Talvez pareça improvável a quem só conheça Zé Ramalho de “Avôhai”, “Chão de Giz” ou “Admirável Gado Novo”, mas em 1974 o então jovem músico paraibano de 26 anos se juntou ao igualmente jovem artista pernambucano Lula Côrtes e sua companheira, a cineasta Kátia Mesel, para uma viagem mística.

O mergulho ao interior de sua terra natal, rumo à Pedra do Ingá e às lendas de Sumé, entidade mitológica dos povos Tupi que teria estado entre eles antes da chegada dos colonizadores.

A longa jornada do trio — movida a cogumelos de Zebu, aqueles mesmos cantados por Rita Lee um ano antes em ‘Ando Jururu’ – em direção ao sítio arqueológico e seus mistérios.

O que deu origem a um dos discos que por décadas permaneceu como o mais valioso já produzido no Brasil: o desafiador, maluco e sensacional “Paêbirú”, que completa 50 anos em 2025.

Na ausência de uma data de lançamento oficial, o marco é lembrado na data de aniversário de Lula Côrtes. O músico, que morreu em 2011, completaria 76 anos nesta sexta-feira (9).

O nome do álbum vem da palavra Tupi que significa “caminho da Montanha do Sol”, “caminho que vai ao céu” ou simplesmente “caminho ao peru” —e marca a rota que liga o Brasil ao Peru atravessando Argentina, Paraguai e Bolívia pela Cordilheira dos Andes até se conectar à civilização Inca, reforçando seu caráter esotérico.

Detalhe da parte interna do álbum 'Paebirú'

Viagem sonora
Único álbum da parceria entre Zé e Lula, “Paêbirú” é um trabalho ousado, mesmo em se tratando da década de 70. Lançado como um disco de vinil duplo, seus quatro lados foram batizados como os quatro elementos da natureza, “Terra”, “Ar”, “Fogo” e “Água”.

Neles, a dupla, acompanhada de vários músicos como Alceu Valença e Geraldo Azevedo, que anos mais tarde se tornariam muito populares, buscou transformar em música as experiências alucinógenas e místicas do caminho da montanha do sol e seus cogumelos.

O resultado é uma mistura livre de jazz, rock, experimentações, ritmos nordestinos, candomblé, música indígena – trilha da jornada em busca dos conhecimentos de Sumé.

Parece intrincado, mas o tempo fluido de “Paêbiru” em quase nada soa como os discos da primeira onda lisérgica do final dos anos 60.
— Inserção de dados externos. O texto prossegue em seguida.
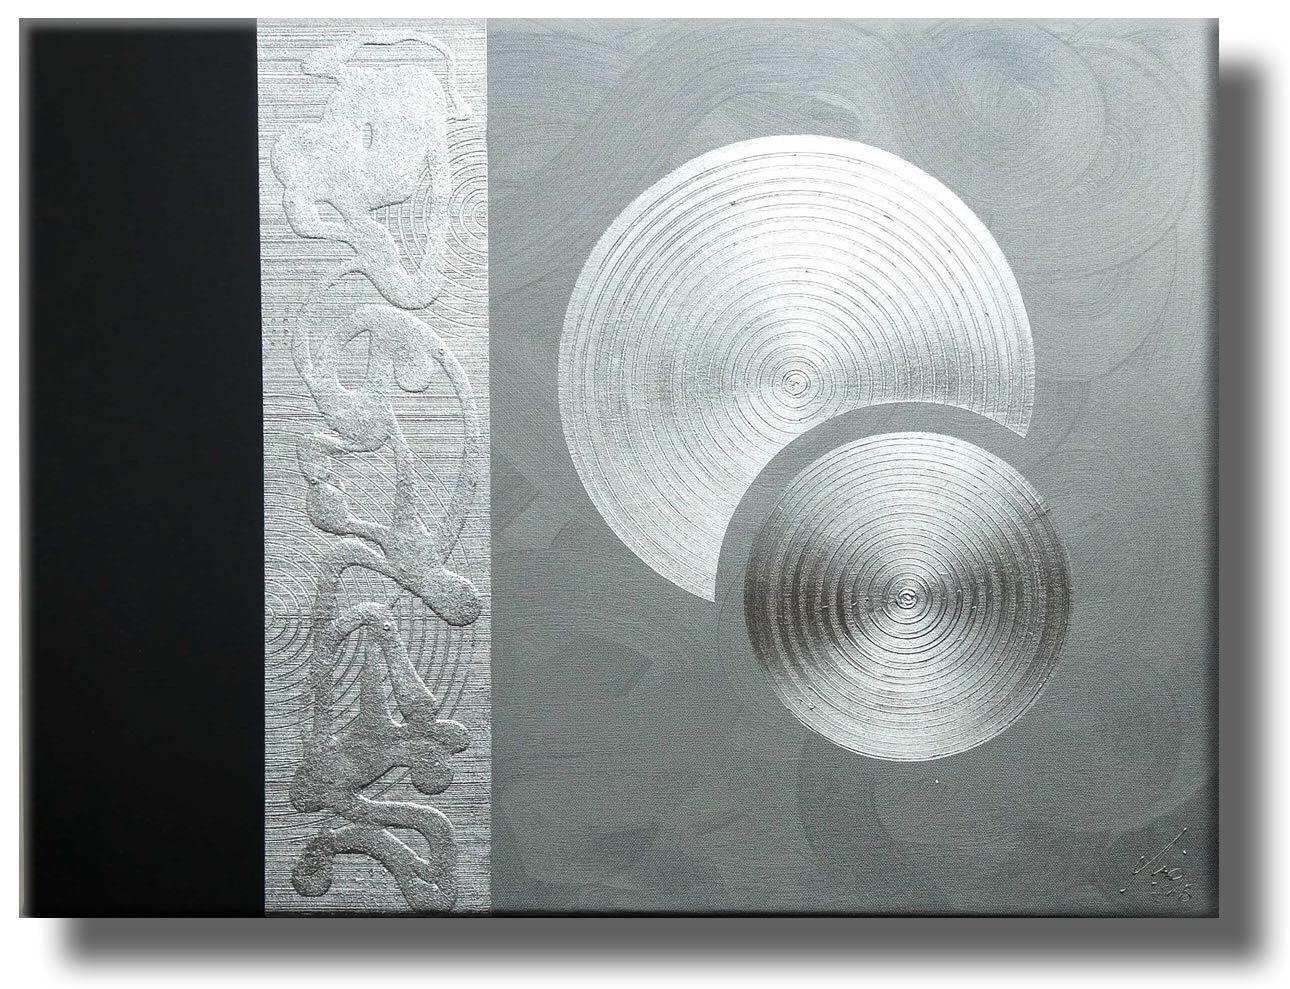 MALEREI KUNST Original abstrakt Bilder HANDGEMALT 80x60 Leinwand C. GOETHE

Lula e Zé herdaram dos anos anteriores o fuzz das guitarras, mas dando um passo à frente à mistura feita por bandas como Os Mutantes, incorporando o rock à uma psicodelia genuinamente brasileira, e não vice-versa.
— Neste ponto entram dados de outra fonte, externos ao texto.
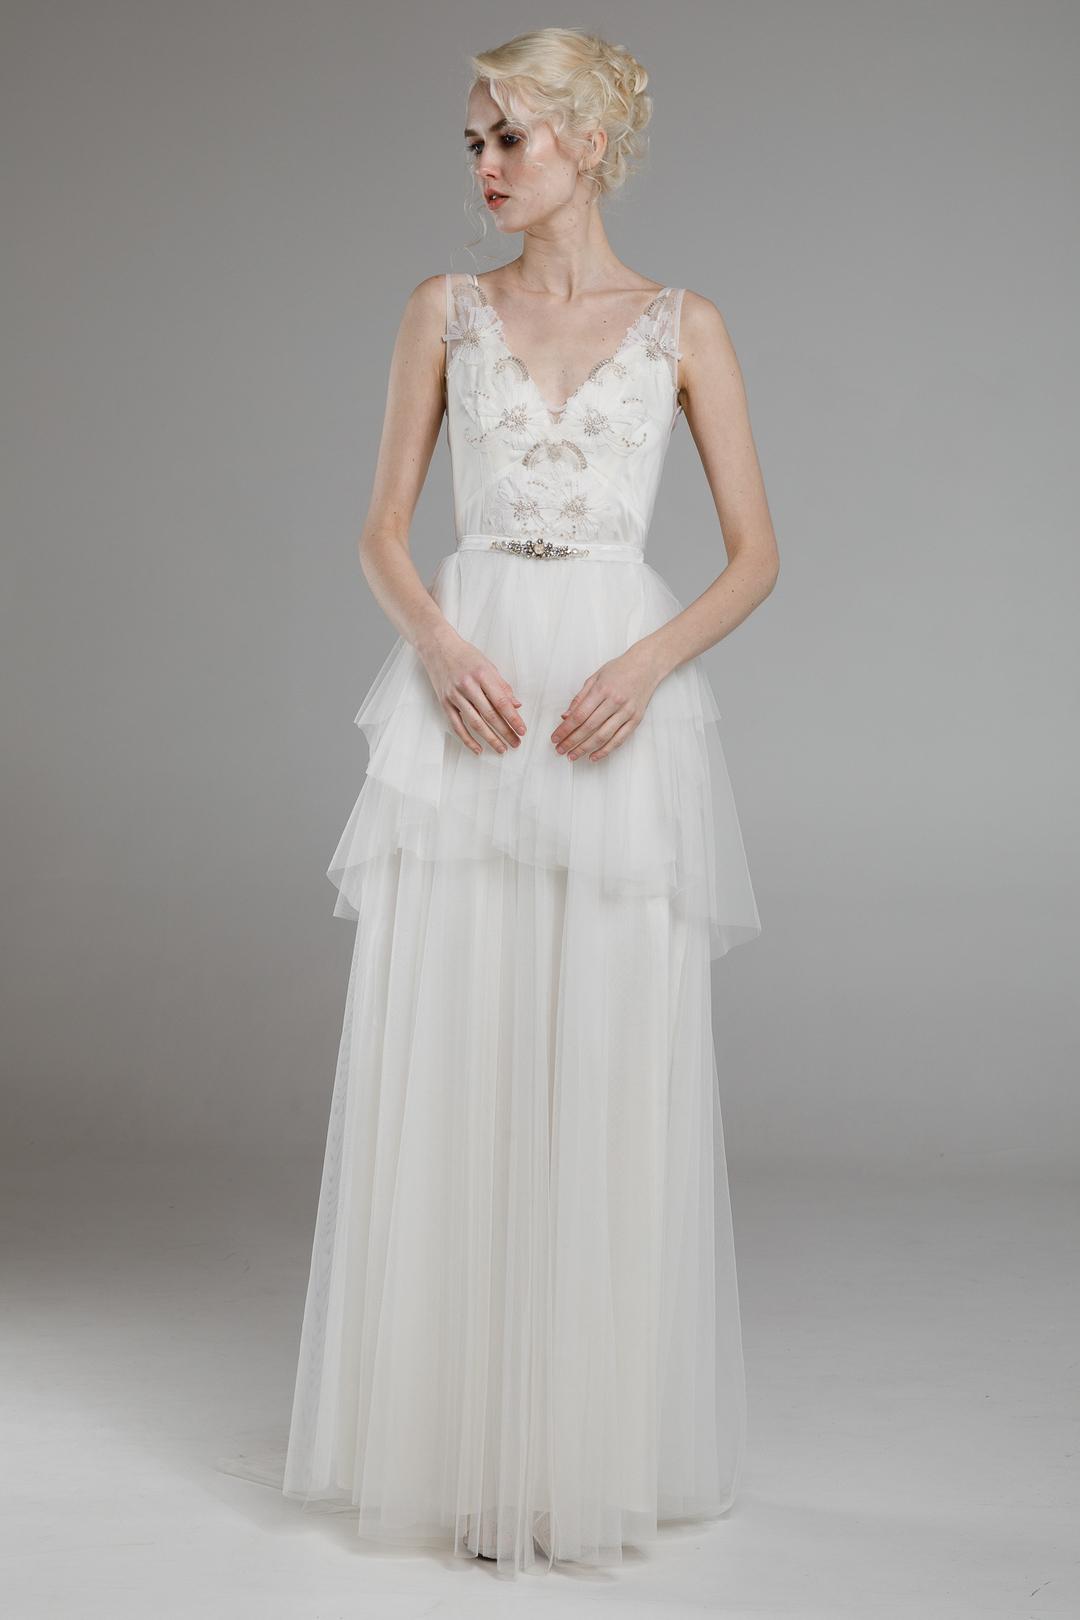 lyra dress photo

O raro vinil de 'Paêbirú' ganhou reedição

Depois da enchente
A prensagem original do álbum, lançado pela gravadora local de Recife Rozenblit, teve tiragem única de 1.300 cópias.

Mas uma grande enchente do rio Capibaribe no mesmo ano de 1975 levou com ela 1.000 destes vinis – incluindo os livretos que os acompanhavam e traziam informações sobre a região da Pedra do Ingá e o mágico caminho da montanha do sol.

Os 300 restantes se tornaram itens raros para colecionadores, chegando a valer em média R$ 4.000. Em 2019, “Paêbiru” foi relançado como bolachão no Brasil a partir das fitas originais, salvas por uma alma iluminada (ou talvez pelo acaso) durante a enchente.

Com toda essa aura mística que o acompanha e sua riqueza musical sem amarras estéticas – além, claro, das tantas décadas em que passou como ‘pedra preciosa’ – “Paêbiru” vem ao longo de meio século encantando quem se aventura a desbravá-lo.

Das “Trilhas de Sumé” que abrem os caminhos da terra até a “Beira Mar”, que encerra a viagem das águas.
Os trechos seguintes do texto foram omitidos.